# DATA SECTION:
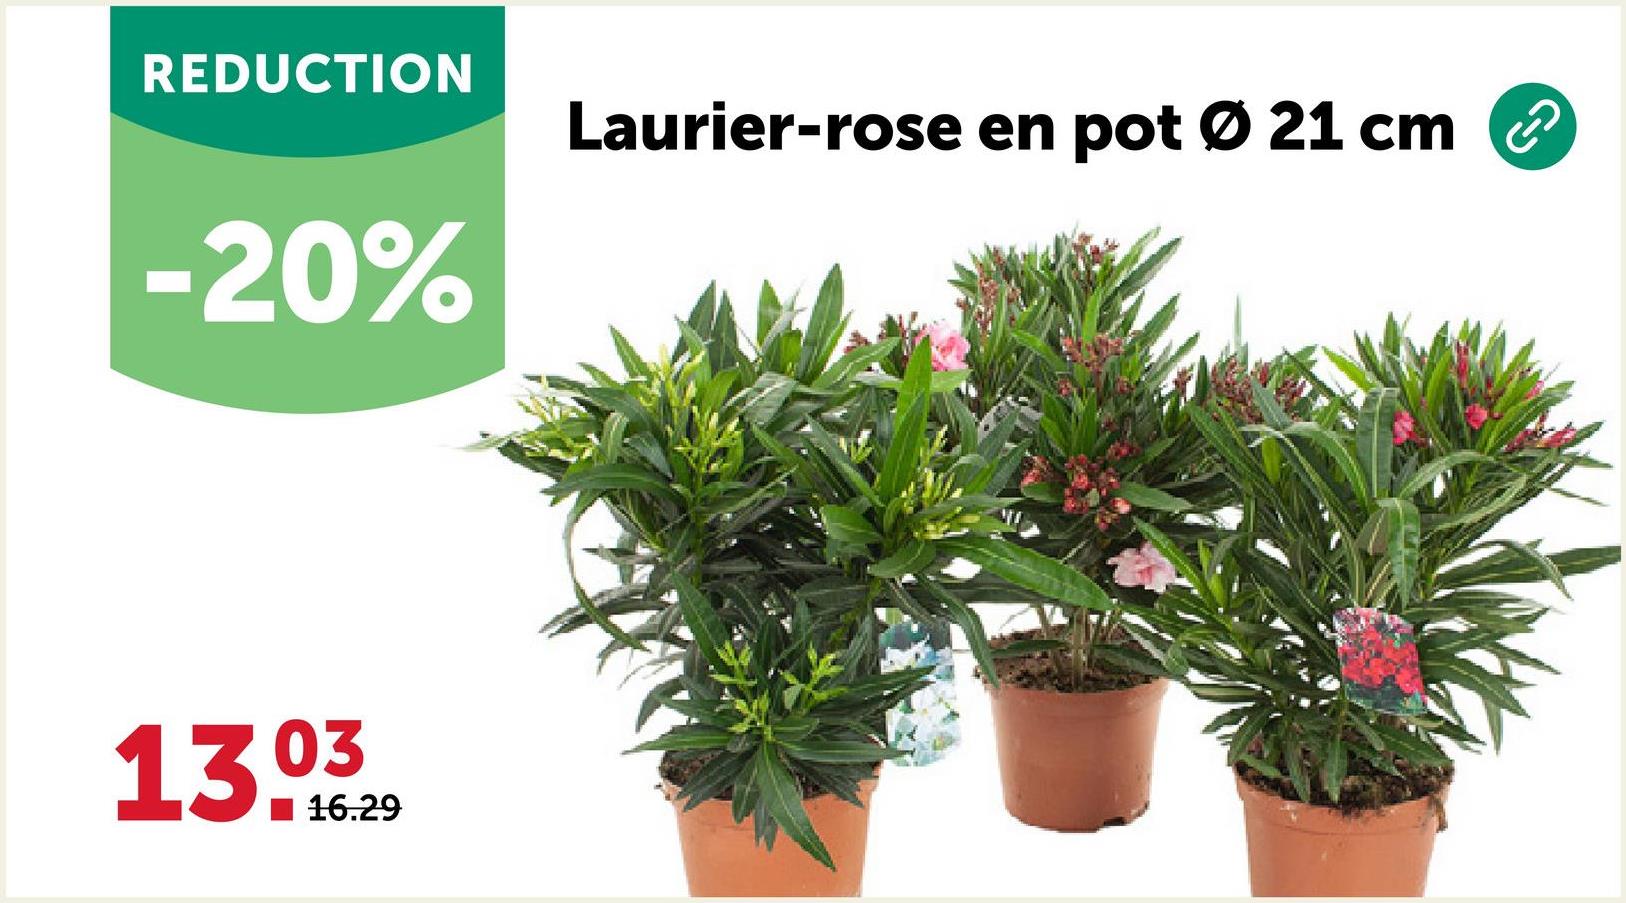 REDUCTION
-20%
13.03
16.29
Laurier-rose en pot Ø 21 cm ②

# DESCRIPTION OF THE TASK:
Would you copy out the data exactly, leaving every picture out?

# COMPLETED EXERCISE:
 REDUCTION
-20%
13.03
16.29
Laurier-rose en pot Ø 21 cm ②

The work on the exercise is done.